An investigational HIV vaccine regimen being tested in Thailand has been shown to reduce new infections by 31%.
The placebo-controlled study, consisting of a prime vaccine and three booster shots, was conducted in more than 16,000 Thai citizens who were HIV negative at baseline. After a 3-year follow-up period, infections occurred in 74 of those who received placebo and 51 of those who received the active vaccine—a 31% rate reduction, according to a statement issued by Global Solutions for Infectious Diseases, the company that produces the booster dose.
The reduction was statistically significant, with a Pvalue of .04, the statement said. There were no significant safety concerns noted at any of the six safety monitoring points during the trial.
The RV144 trial is the first HIV vaccine study to show significant disease reduction, Dr. Anthony S. Fauci said in a statement issued by the National Institutes of Health.

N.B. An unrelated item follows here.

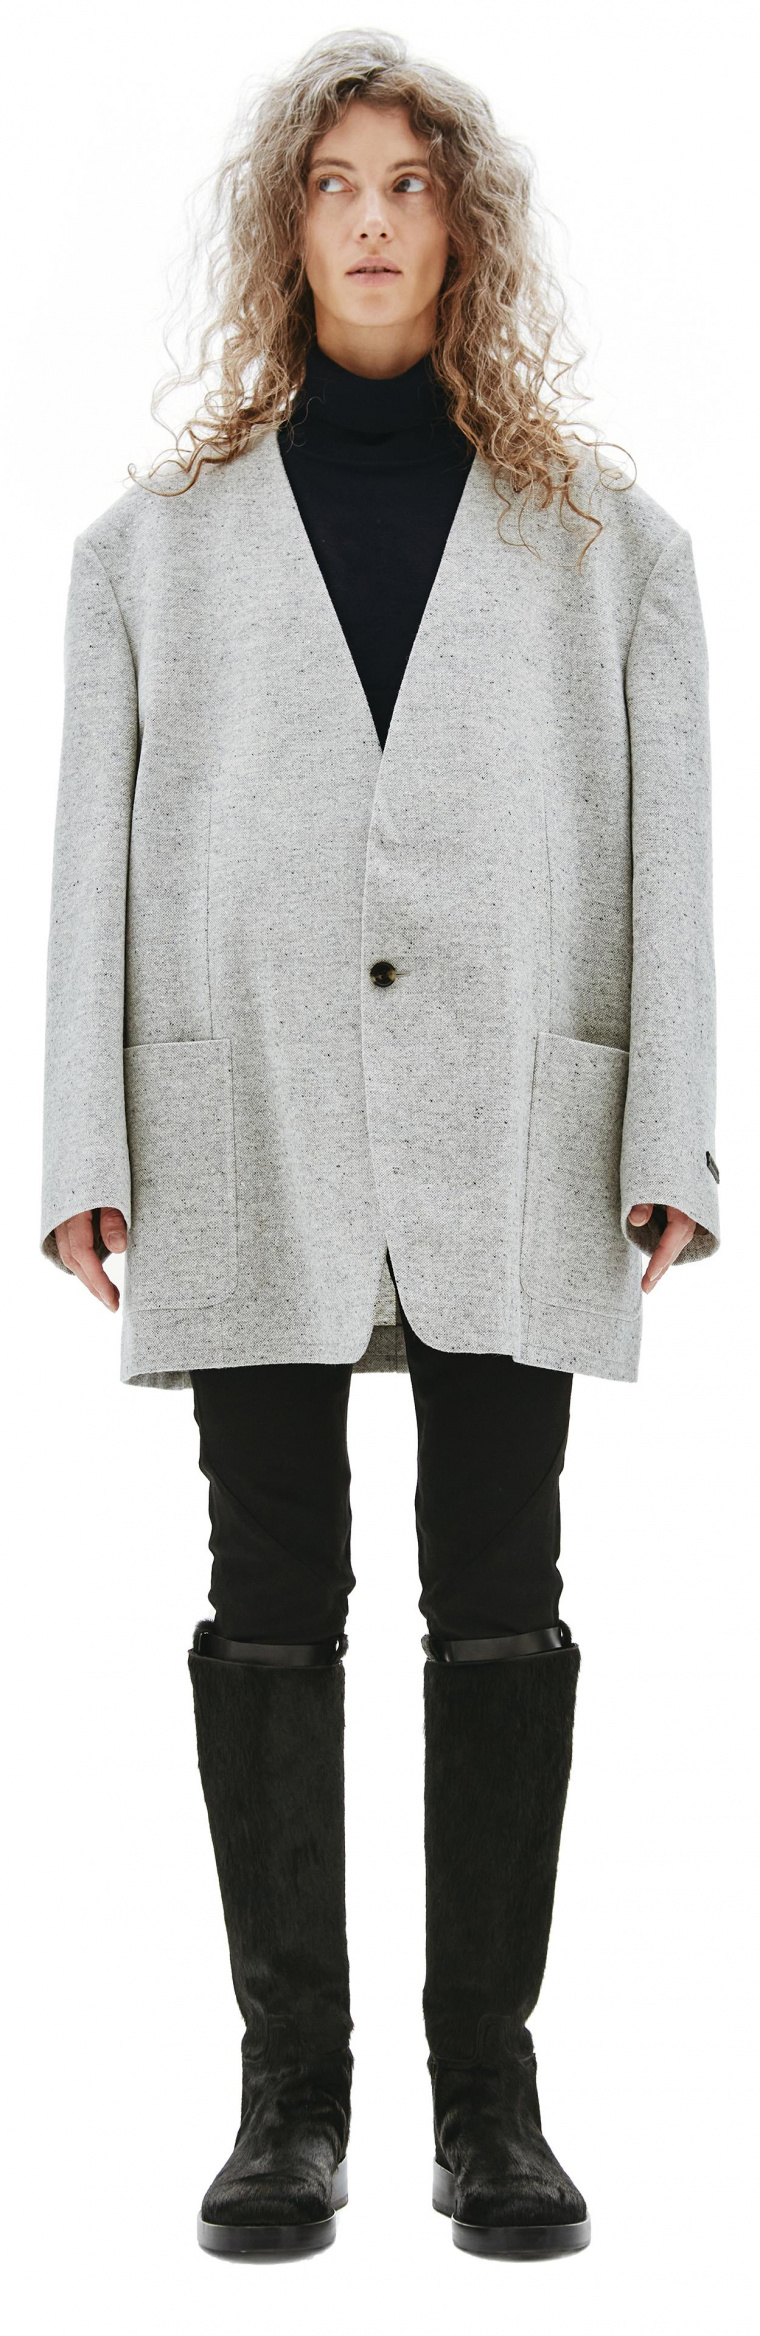 Fear of God Grey Wool Jacket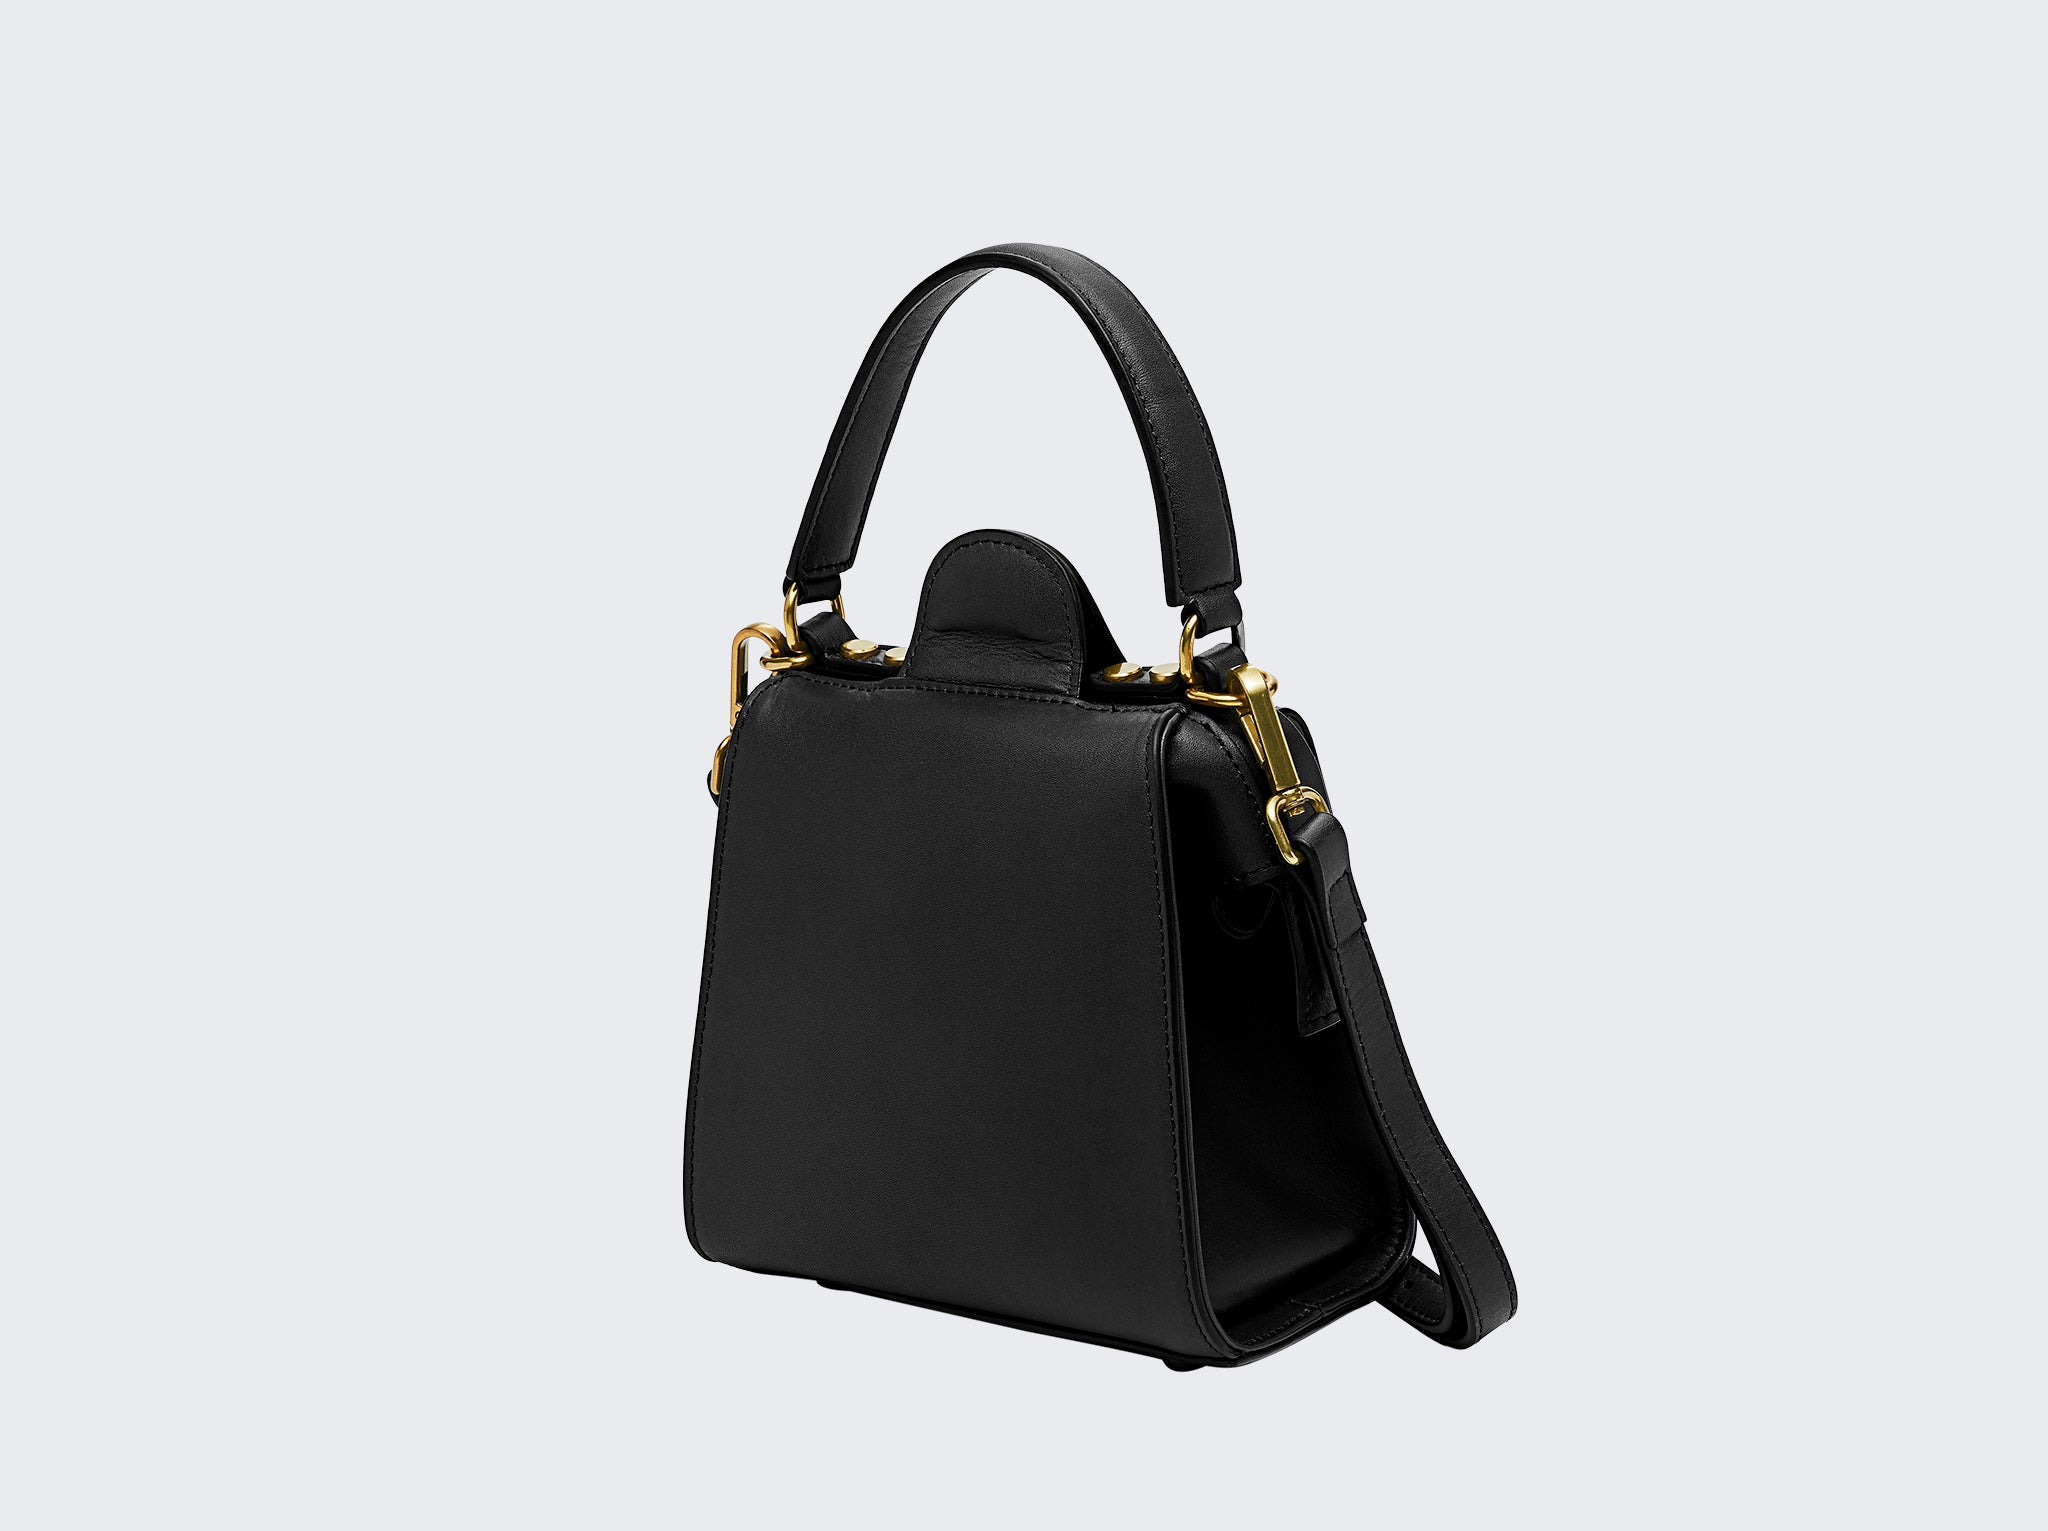 The Elise Noir Structured Shoulder Bag

“These new findings represent an important step forward in HIV research,” said Dr. Fauci, director of the National Institute of Allergy and Infectious Diseases. “For the first time, an investigational HIV vaccine has demonstrated some ability to prevent HIV infection among vaccinated individuals. Additional research is needed to better understand how this vaccine regimen reduced the risk of HIV infection, but certainly this is an encouraging advance for the HIV vaccine field.”
The priming vaccine, Sanofi Pasteur's ALVAC-HIV, is a modified canarypox vaccine. The booster dose, AIDSVAX B/E, is a glycoprotein 120 vaccine. The trial began in October 2003. The vaccines are based on the subtype B and E HIV strains, which commonly circulate in Thailand. The subtype B is the one most commonly seen in the United States.
“Separate versions of the vaccine may have to be manufactured and developed for HIV strains that predominate elsewhere in the world, including North America,” the GSID statement noted.
The trial comprised noninfected volunteers aged 18-30 years who were considered at risk of contracting HIV. Women comprised 40% of the study population.
Participants who acquired HIV during the trial were given free access to HIV therapy, including highly active antiretroviral therapy, according to the National Institutes of Health statement.
At baseline, participants received HIV protection counseling. They then received the active vaccine or placebo; these were administered again at months 1, 3, and 6. The booster or placebo was also given at months 3 and 6. Subjects were tested for HIV infection every 6 months for 3 years.
The vaccine did not meet its secondary end point, failing to reduce the amount of HIV circulating in the blood of those who became infected during the trial. But because of its success in reducing incident infections, investigation into the prime-boost regimen will continue, the U.S. Military HIV Research Program said in a statement. “Because RV144 is designed to examine plasma viremia soon after infection, trial collaborators have undertaken a second study, RV152, to follow infected individuals over a longer period of time. The results of this study will help to establish the durability of the vaccine effect, if any, on viral load, and assess whether this effect is associated with improved clinical outcome.”
The cosponsors of the RV144 trial are the United States Army Medical Research and Material Command, the National Institutes of Allergy and Infectious Diseases, and the Thailand Ministry of Public Health.